Bus 66 is the public-transport link from central Taichung to the Trail 1-4 trailheads. With a bike, an e-hail taxi or a rented scooter with a fork-mount is more practical.

Getting There

Taichung is one of the easiest mountain-bike trips in Asia to reach by rail, which is part of the sustainability case for the destination.

Season Window

The riding calendar at Dakeng is dictated by the subtropical climate. October through April is the dry, rideable window, with November through March the sweet spot — cool, generally dry days with comfortable trail conditions on the log steps.

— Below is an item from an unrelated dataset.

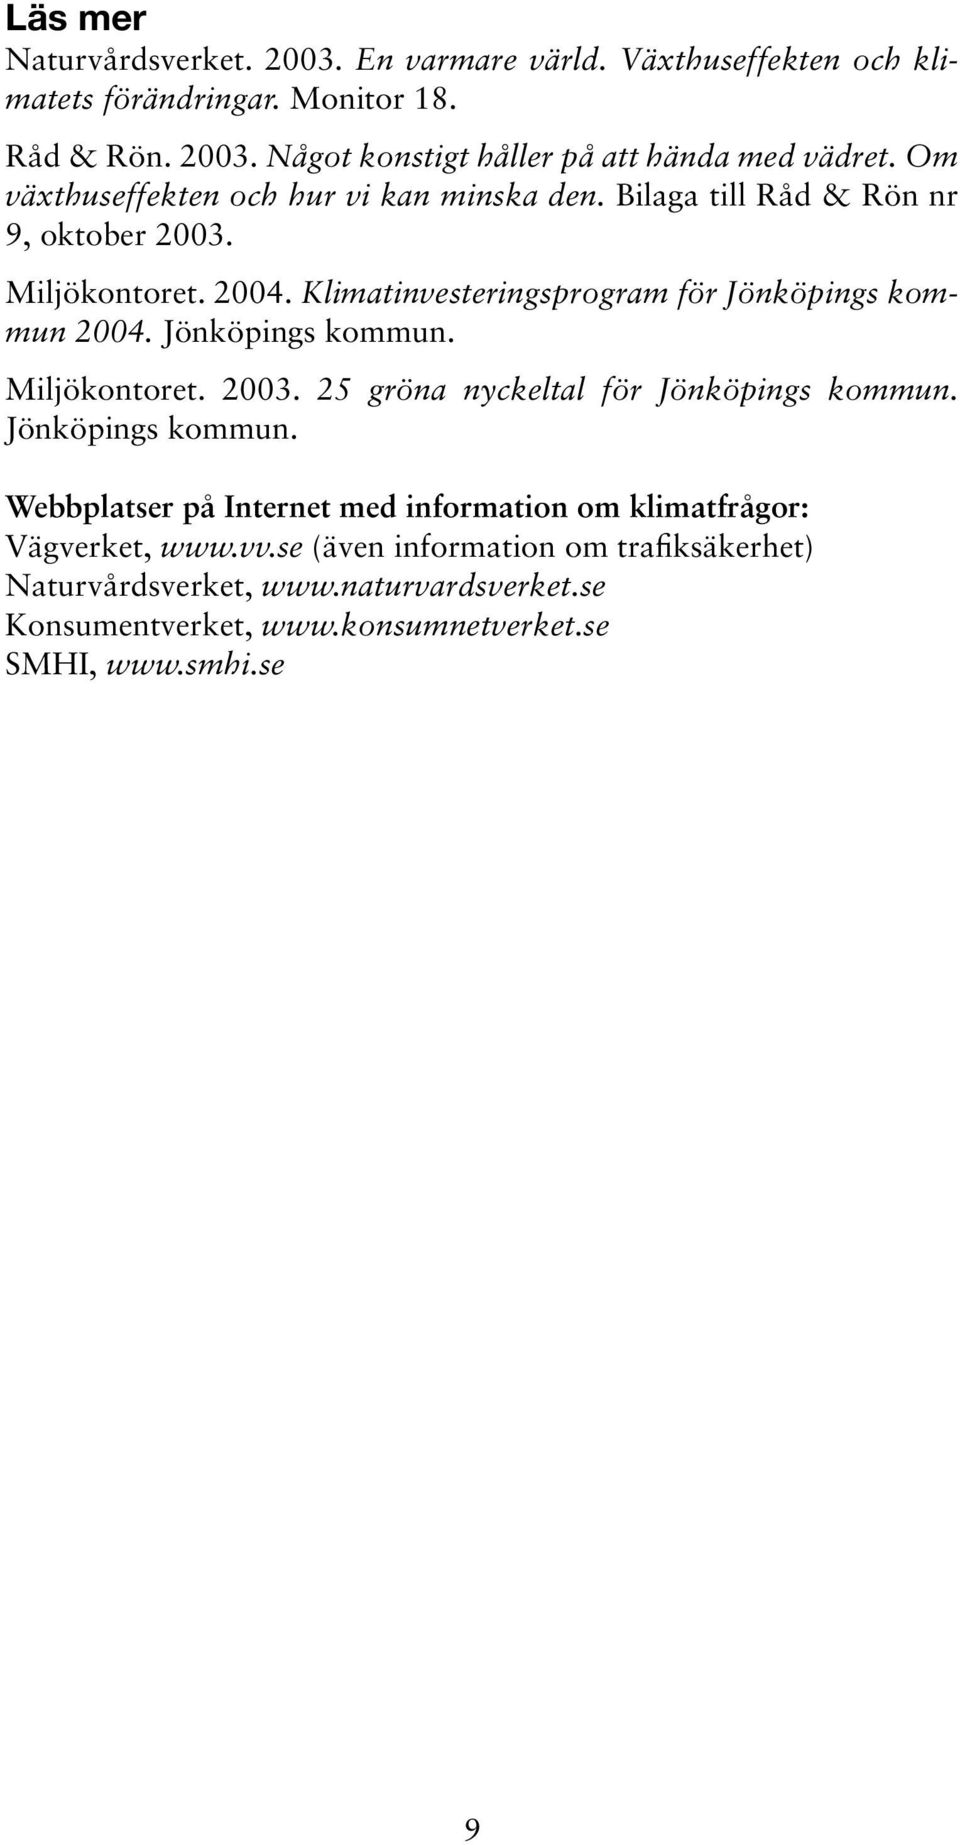 Jönköpings kommun. Miljökontoret. 2003. 25 gröna nyckeltal för Jönköpings kommun. Jönköpings kommun. Webbplatser på Internet med information om klimatfrågor: Vägverket, www.

Avoid June through September. This is typhoon season in Taiwan, peaking in August and September, with monthly rainfall in Taichung approaching 220 mm. The Central Mountain Range shields Taichung from the worst direct hits, but humidity, afternoon thunderstorms and saturated wooden steps make the steeper trails dangerously slippery. Summer highs reach 36°C.

Where to Base

Most visiting riders stay in central Taichung — around the West District for cafe culture and the National Taichung Theater, or near Taichung Park for budget options. Beitun District itself, closer to the trailheads, offers quieter guesthouses. The city has a deep cycling-industry footprint (Giant, Merida and dozens of OEM frame and component factories are headquartered in or near Taichung), so bike shops, parts and skilled mechanics are unusually accessible for an Asian destination.

Practicalities and Riding Culture

Mandarin is the primary language; English is widely understood in tourist-facing businesses but thin on the trail. Currency is the New Taiwan Dollar (TWD). EasyCard contactless cards cover metro, bus and many convenience-store purchases. Trail-sharing etiquette matters — the Dakeng network is hiker-first by design, with several segments off-limits to bikes, so verify the current map at the trailhead and yield generously.

Taichung is an emerging rather than established MTB destination. Infrastructure is thinner than the Alps, signage is bilingual but sometimes ambiguous, and the network rewards riders who can read a line, respect closures, and treat the trails as a living, shared resource rather than a sanctioned bike park.